# Cheaper mobile calls (was cheap phone calls) & Internet



## Rofa (Dec 3, 2009)

I spend about 50% of my time in Spain these days - so fixed contract deals either for mobiles or internet are of no interest.

For both I use simyo - Operador móvil con tarifas bajas, voz e internet.

The mobile packages are very flexible and there is no significant signing up charge - used to be 5 euro. I use a pay as you go - which unlike some, does not expire if unused for an extended period - and the pay as you go package that suits me, automatically tops up to a limit I have chosen when the balance on the account drops to a pre-set limit - again chosen by me. The other thing I like about this company is that their charging system is very simple and you can look at what you have spent, and where, on-line. They also sell fairly cheap unlocked (simfree) phones. I happen to use my own dual sim Samsung. Dual-sim phones are not common in Europe although Acer also have one available. They are 2 a penny in Asia however - e bay and Amazon are sources of course. The only disadvantages to Simyo are:
1. Simyo runs on the Orange network (but otherwise has no other connection Orange to the best of my knowledge) - so if Orange reception is bad so is Simyo.
2. There is a connection charge for each call - though this probably applies to most other operators as well.

They also offer internet connection - you simply pay for the amount of data you send or receive. You can buy a dongle reasonably cheaply from them or there are plenty of un-locked ones on e-bay uk. You may however need a boosting antenna that plugs into the dongle if you don't normally get very good reception. Do not however expect ADSL speeds!!!! Downloading movies is likely to be expensive.

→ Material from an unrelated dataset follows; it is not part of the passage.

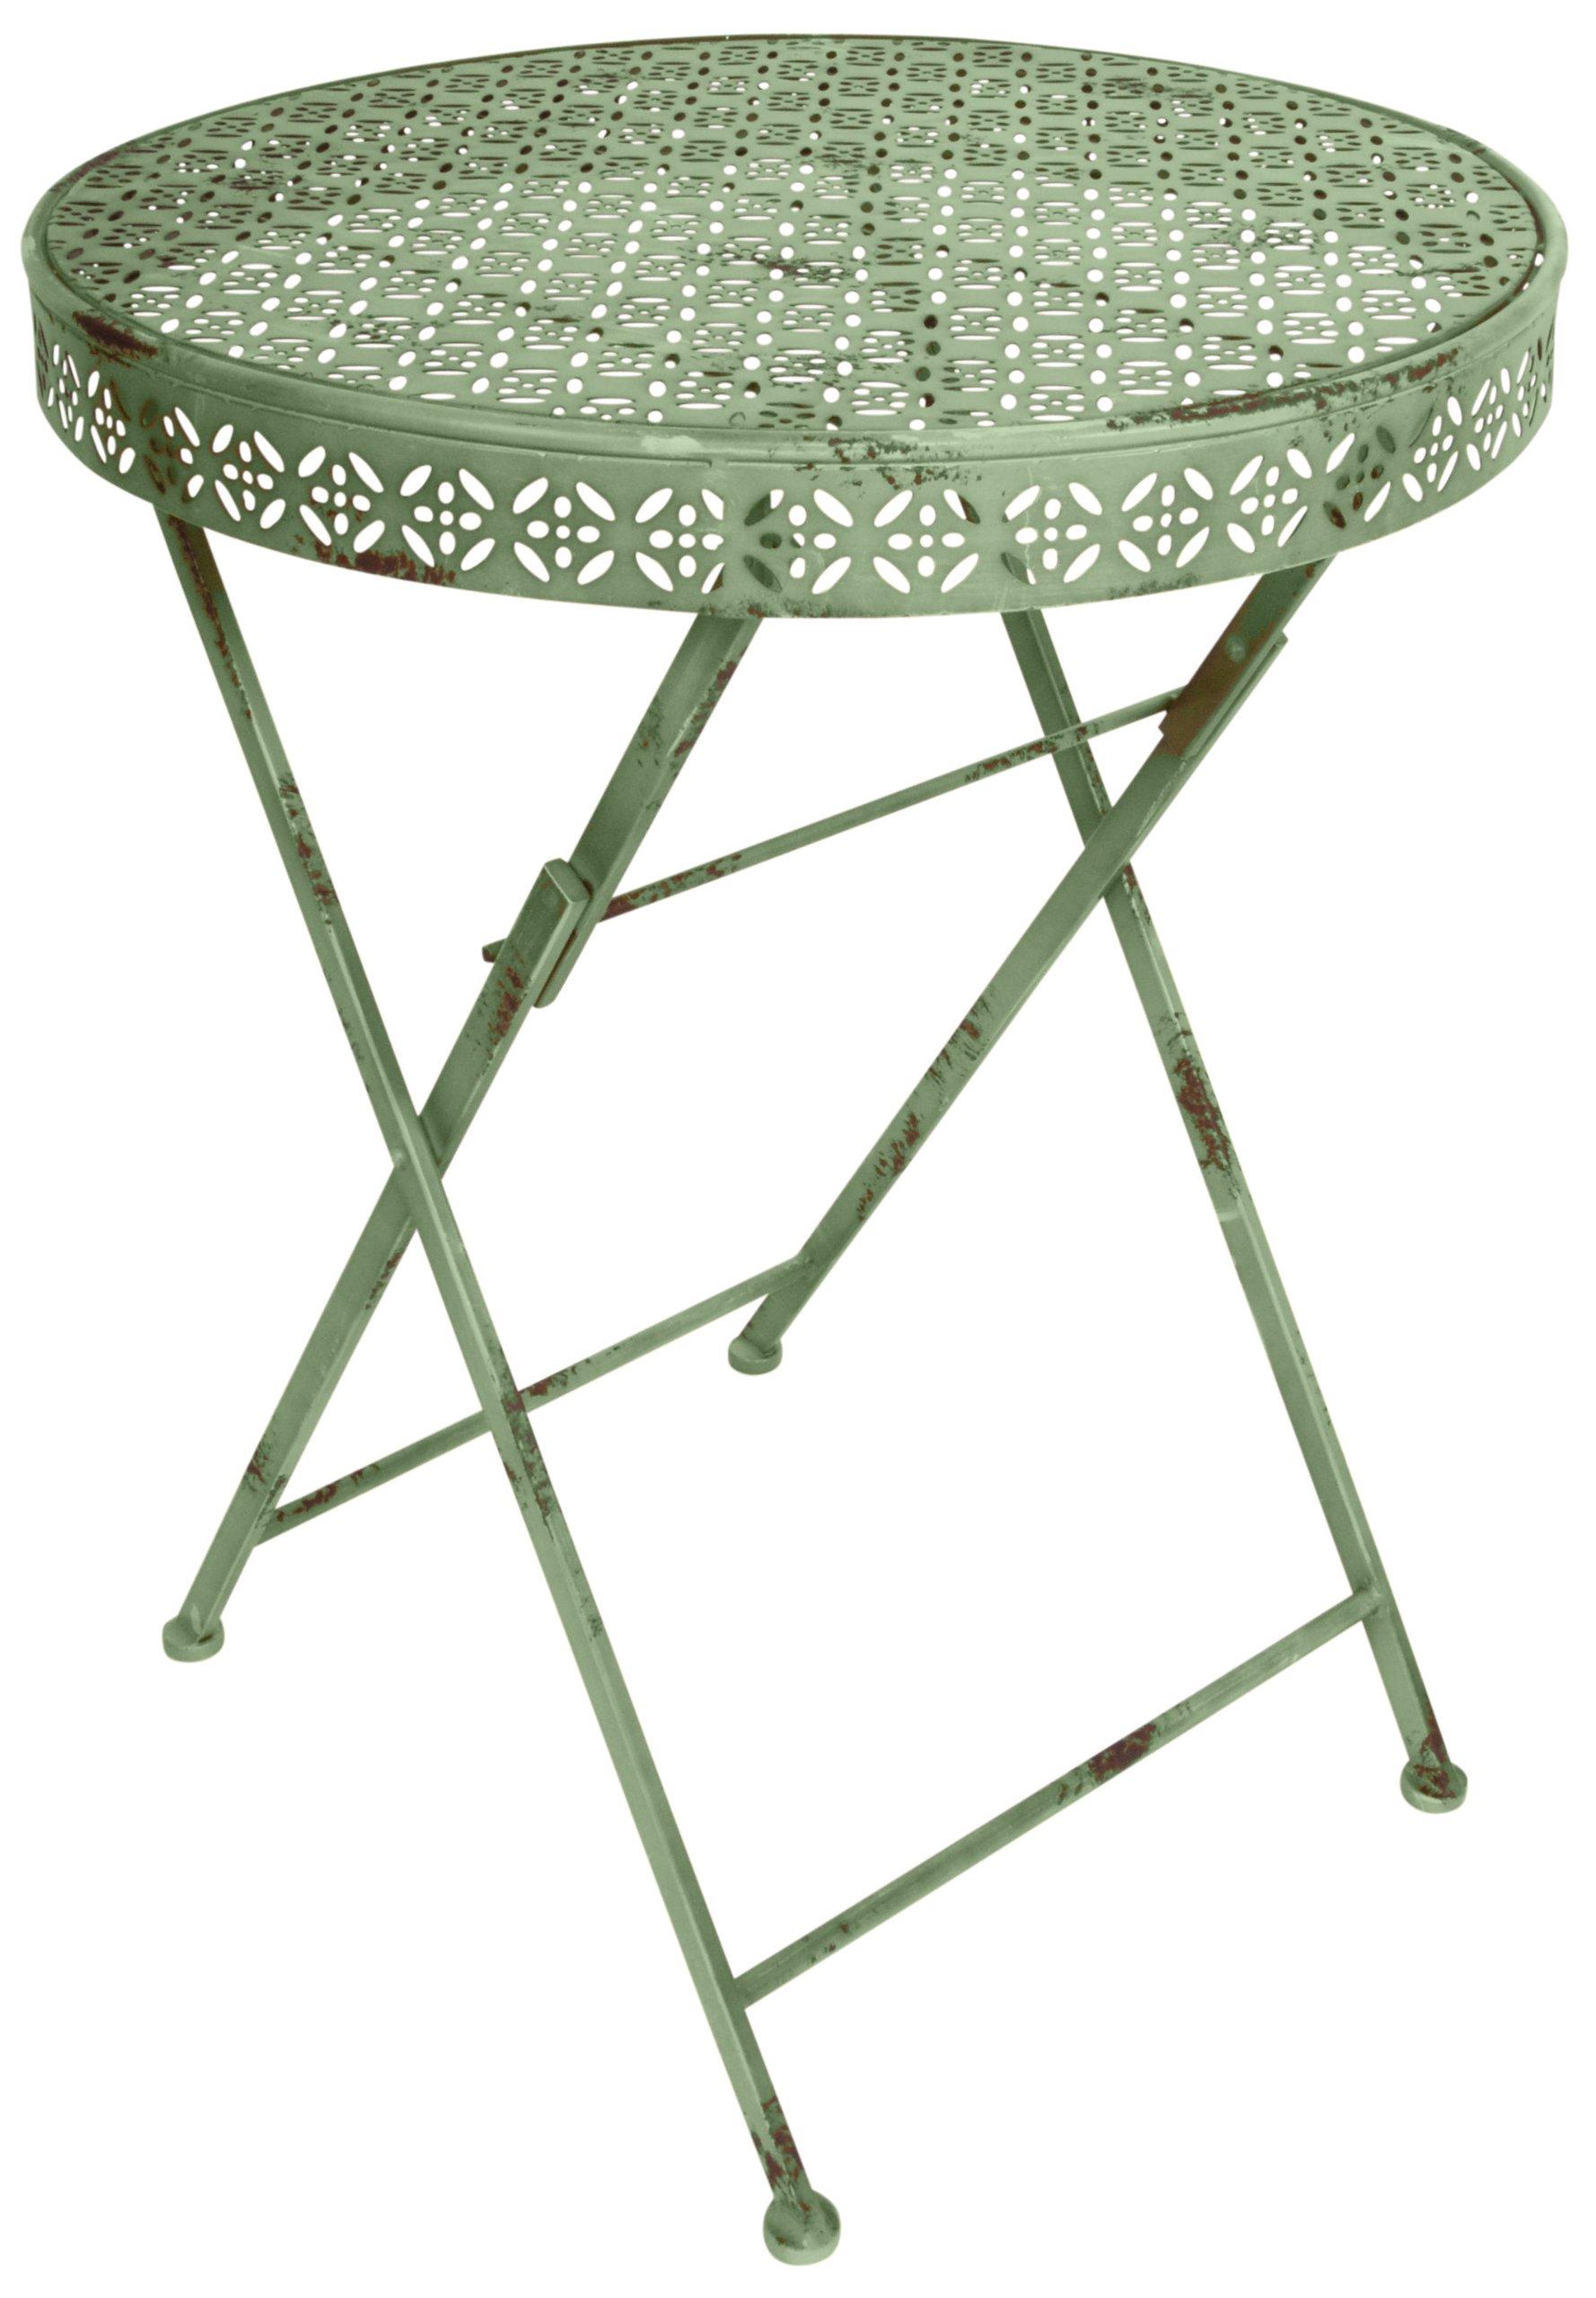 "Esschert Design Industrial Heritage Round Bistro Table - Table 23"" x 23"" x 30"" Part of the Esschert Design Industrial Heritage Line Distressed Metal - patio-tables, patio-furniture, patio - 817W1uERc6L -"

I have not looked at the market for about 12 months - so you may have to do your own research - there may well be better deals around.


----------



## Hombre (Sep 10, 2009)

Rofa said:


> I spend about 50% of my time in Spain these days - so fixed contract deals either for mobiles or internet are of no interest.
> 
> For both I use simyo - Operador móvil con tarifas bajas, voz e internet.
> 
> ...


?????????????????


----------



## spanishbluey (Jan 6, 2010)

*mobile internet spain ,*

At the moment the best mobile internet option by far, is the one memobile have they only charge 5 cents a mb, with no min, spend.
it pay as you go internet for real , just search Me Mobile rental , good luck


----------